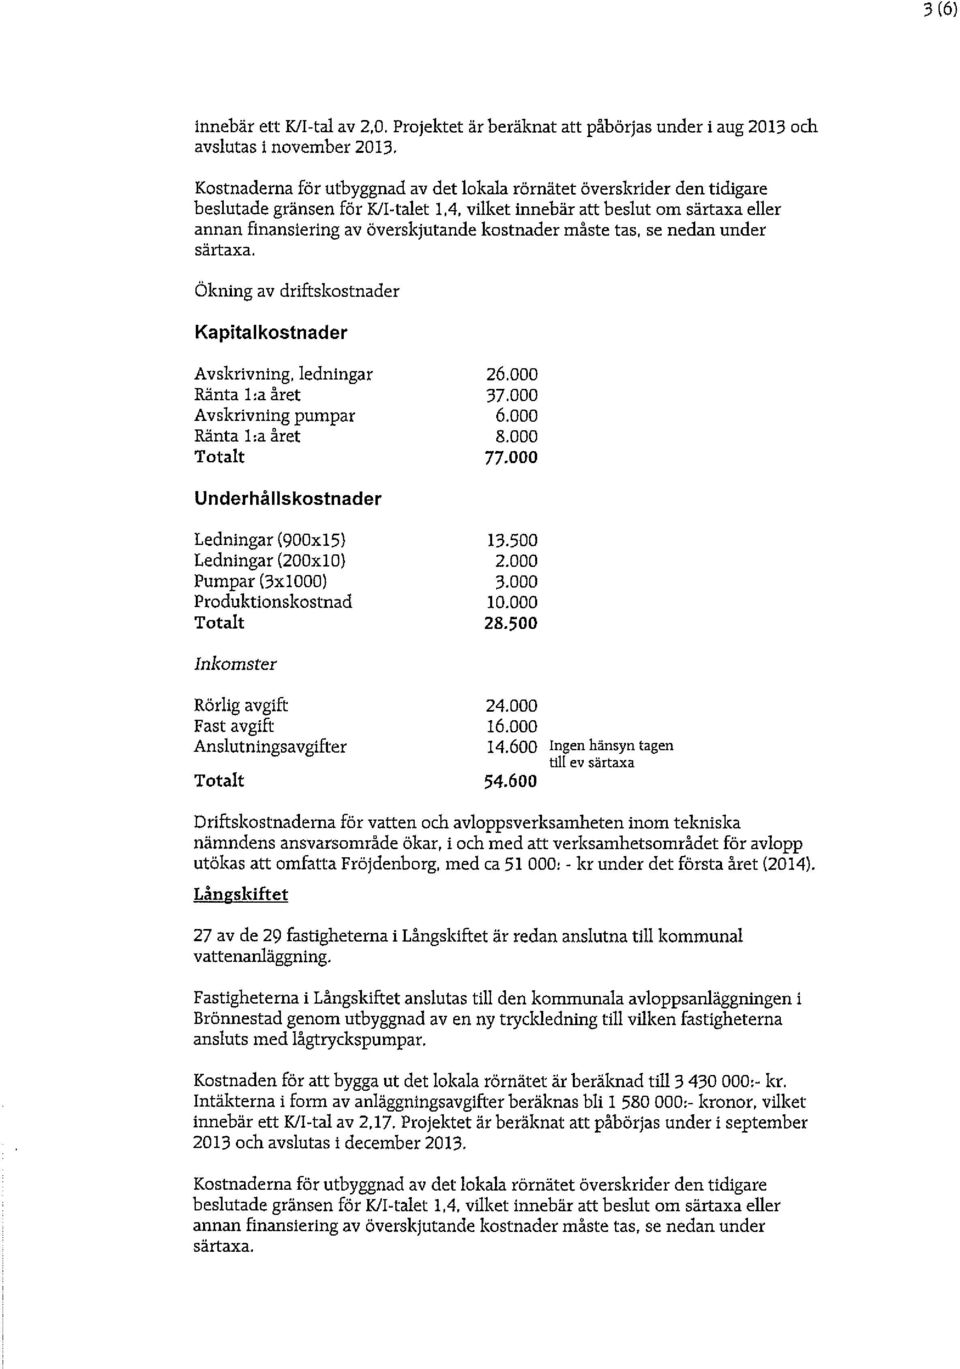 600 Ingen hänsyn tagen 54.600 utökas att omfatta Fröjdenborg, med ca 51 000: - kr under det första året (2014).
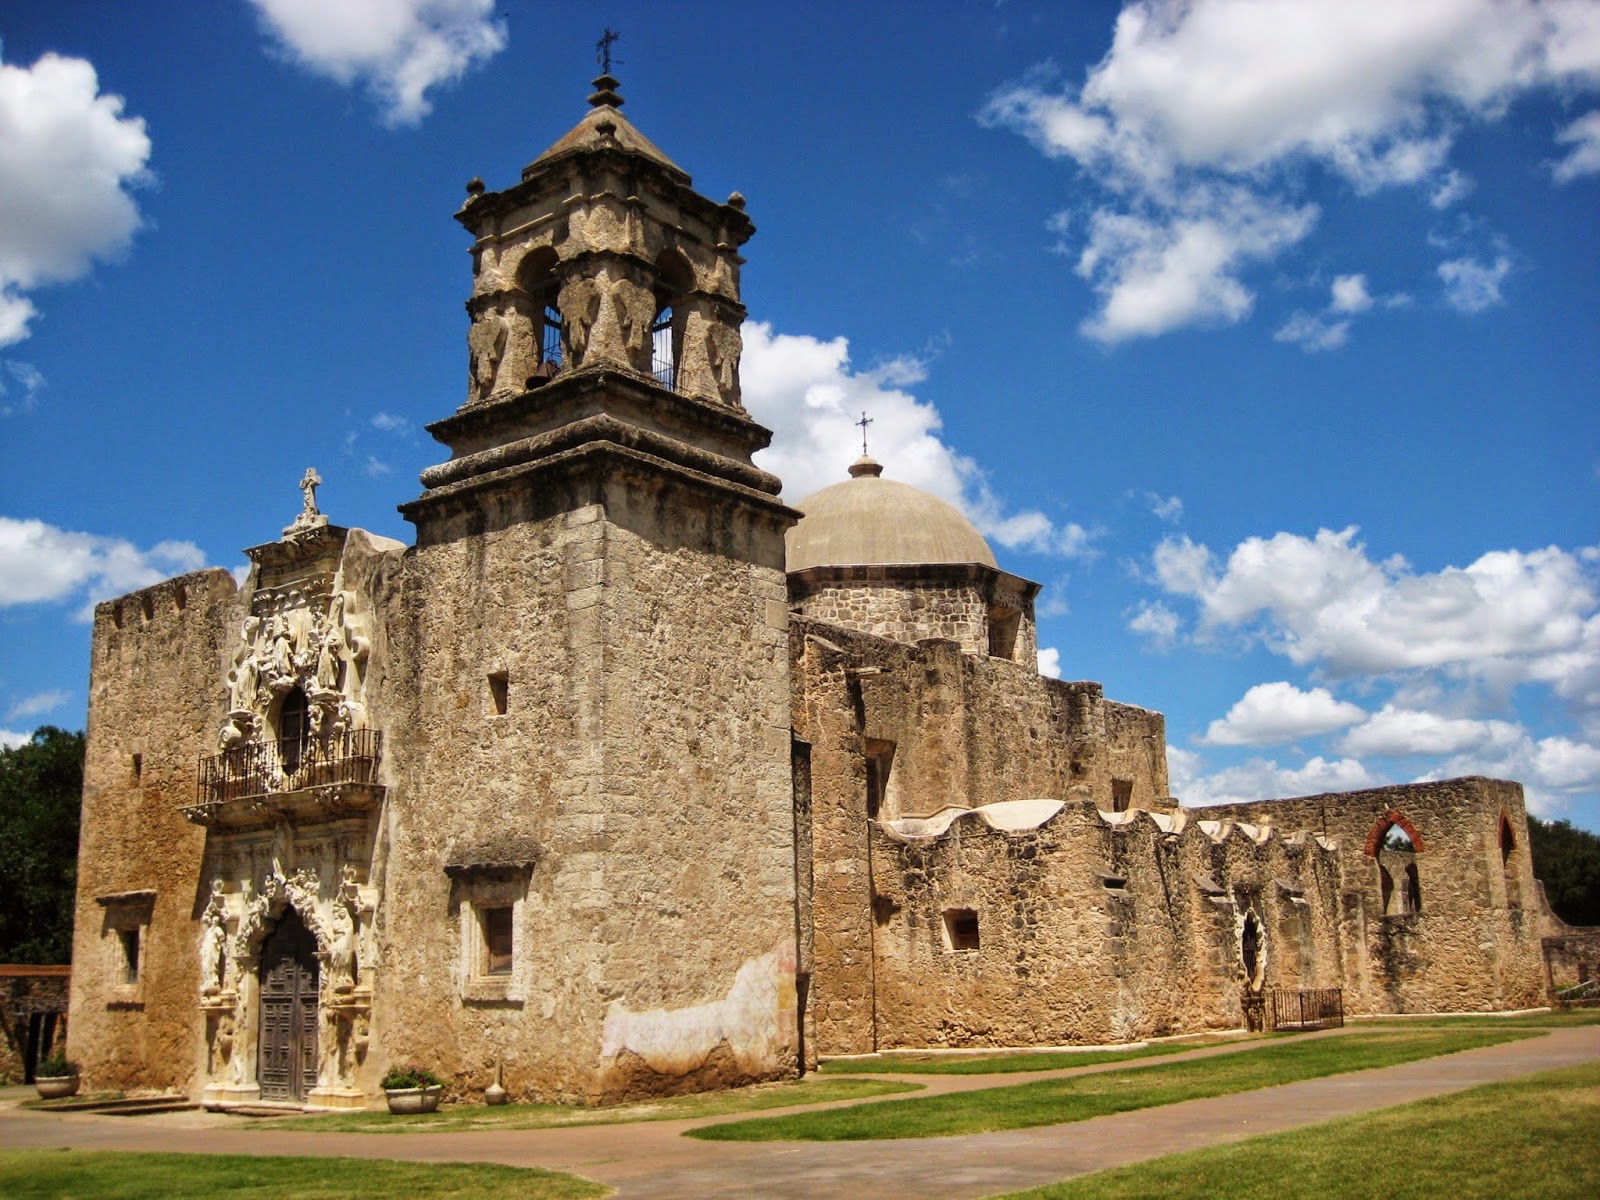 ABT UNK: Those Places Thursday: San Antonio Missions National
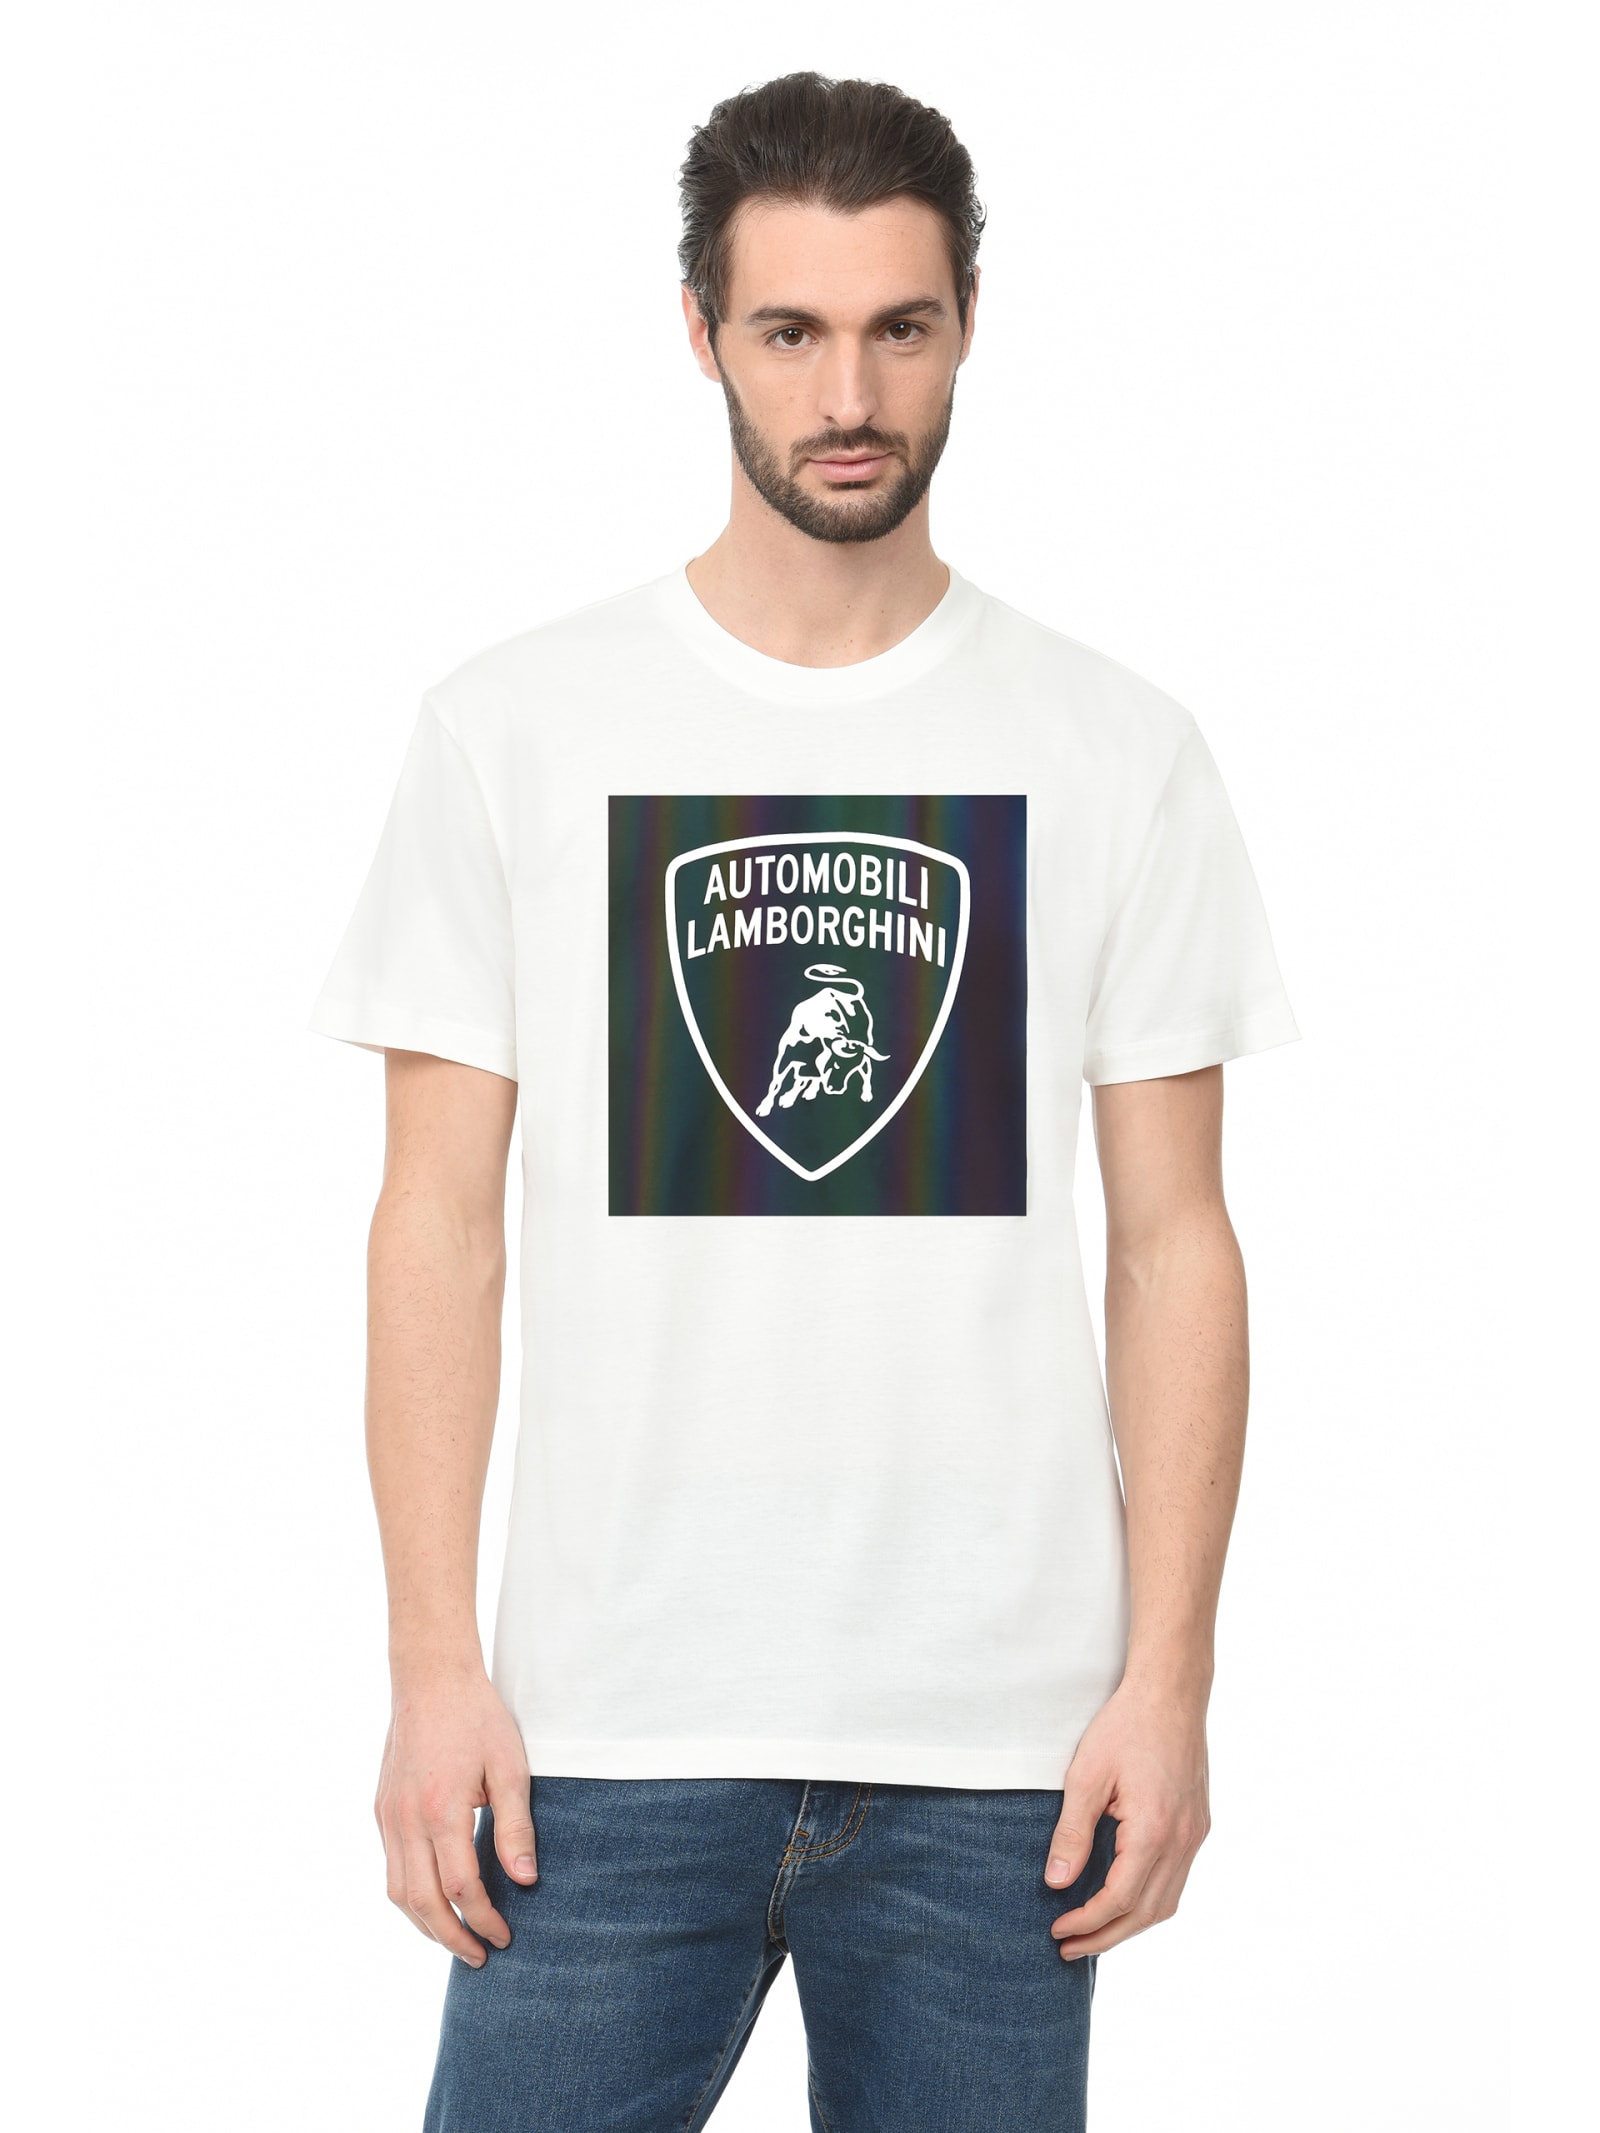 Automobili Lamborghini T-shirt 9015161 Loose Organic Cotton

**Exercise**. The result should be the full material above, word for word, with its pictures omitted.

**Result**.
 600 Ingen hänsyn tagen 54.600 utökas att omfatta Fröjdenborg, med ca 51 000: - kr under det första året (2014).
 ABT UNK: Those Places Thursday: San Antonio Missions National
 Automobili Lamborghini T-shirt 9015161 Loose Organic Cotton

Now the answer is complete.